POWER MINISTRY PANEL TO EVALUATE OUTPUT OF IMPORTED GEAR


Amid continuing debate over imposing higher duty on overseas gear, the power ministry is believed to be in the process of collecting information to evaluate the performance of Chinese and other imported equipment that are being used at various power plants. Many power projects are running on overseas equipment and some of the developers have placed big orders, especially with Chinese companies, for upcoming plants. A panel set up by the power ministry is collecting data on imported equipment, especially from China, that are being used at different power plants. After collating the necessary information, the performance of overseas gears would be evaluated, sources said. Even though the panel was set up last year, not much headway was made in the absence of necessary information, they added. According to sources, in recent months, power project developers have started providing requisite data and the evaluation process is expected to be completed in a couple of months.
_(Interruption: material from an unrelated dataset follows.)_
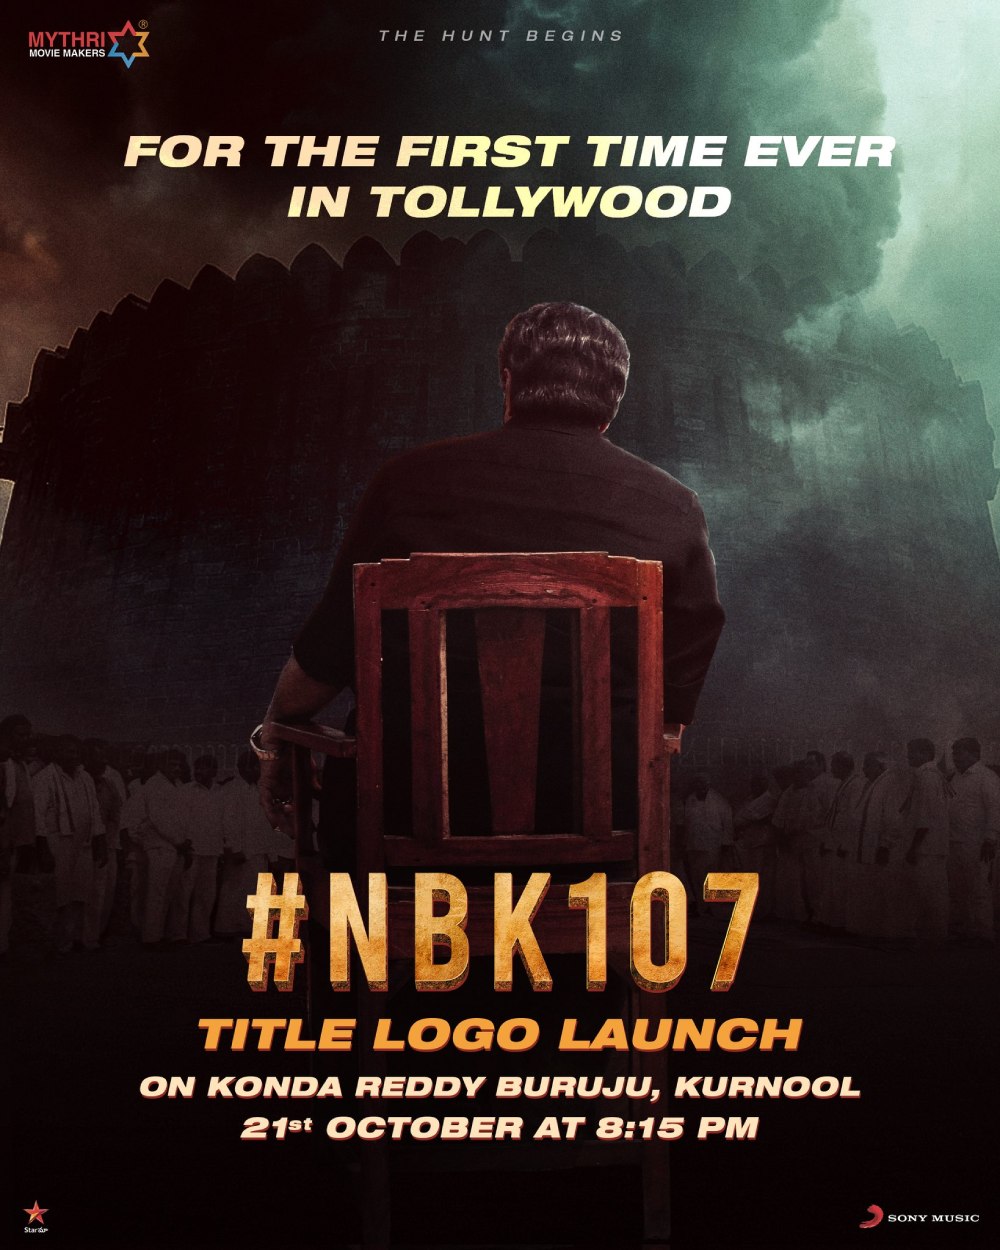 NBK107 title logo launch.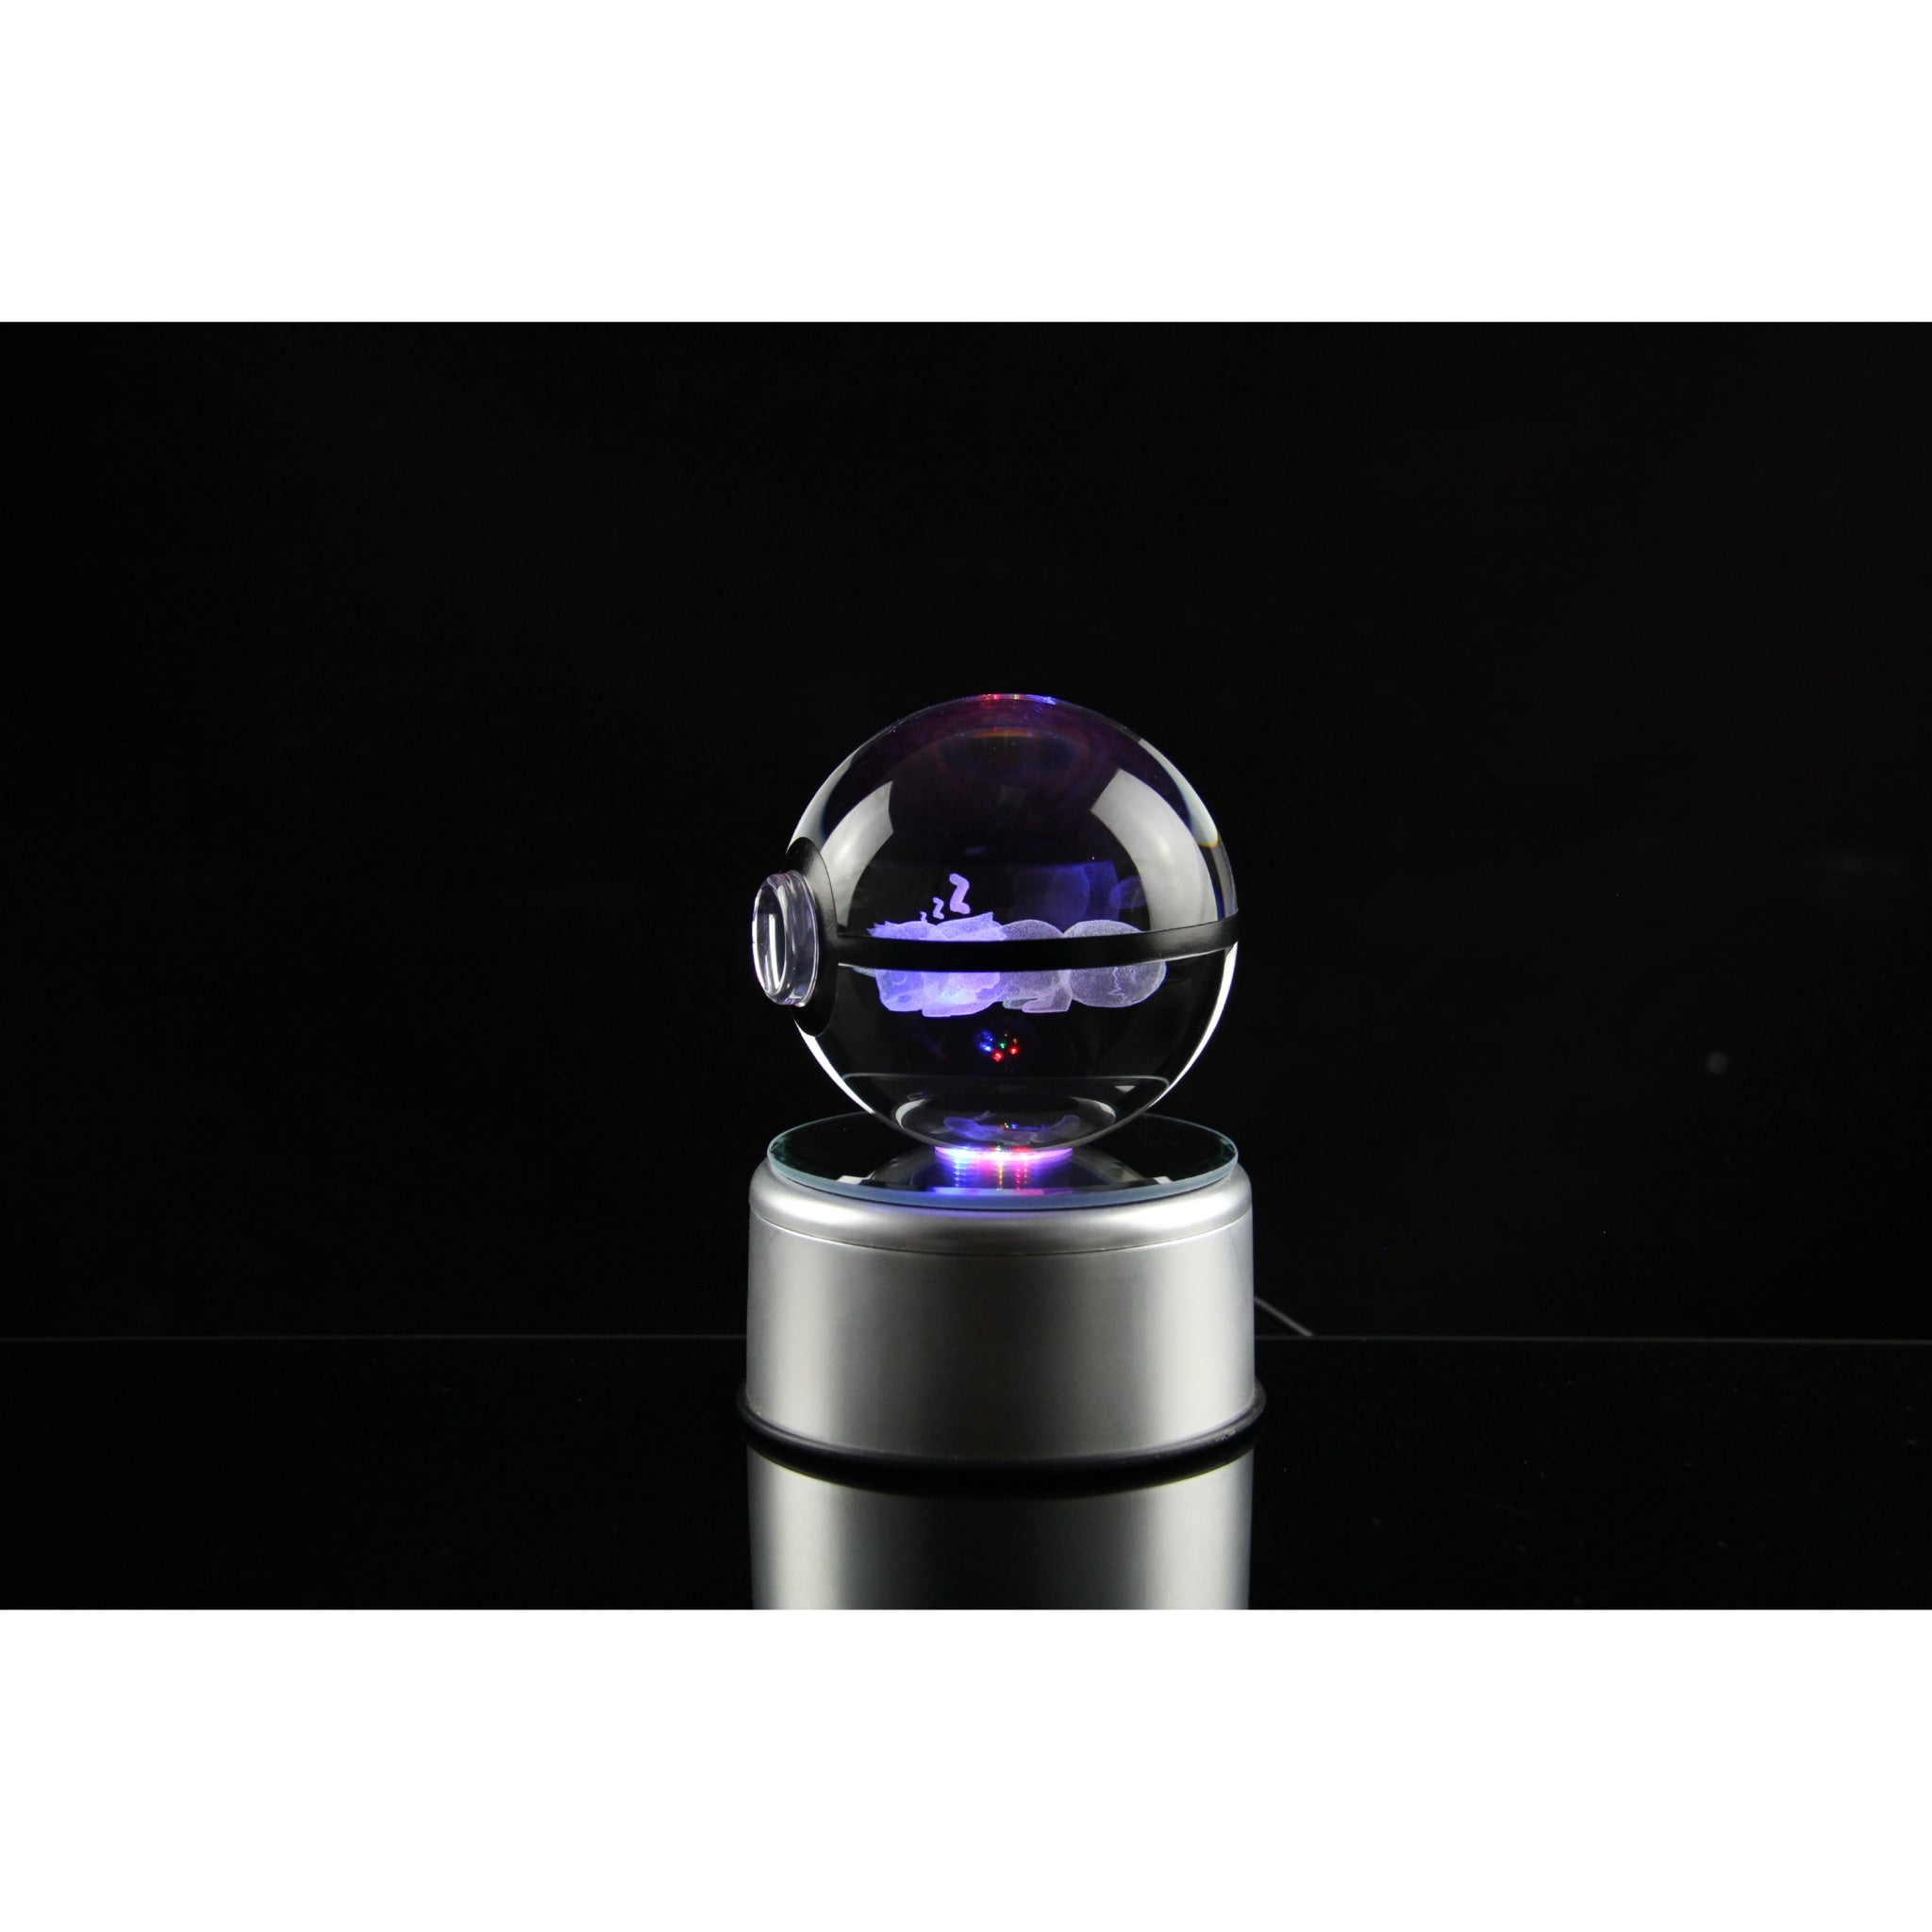 Sleep Eevee Pokemon Glass Crystal Pokeball 51 with Light-Up LED Base Ornament 80mm XL Size

A significant percentage of power generation plants in the country are running on imported equipment. Going by the estimates, Indian entities have placed orders for more than 40,000 mw of overseas power equipment and most of them are to come from Chinese firms. To provide a level playing field for domestic equipment manufacturers, such as Bharat Heavy Electricals Ltd ( Bhel) and L&T against cheap Chinese imports, the government is planning to slap higher duty on overseas gear. A final decision on the issue is yet to be taken but the quantum of hike could be as much as 19%.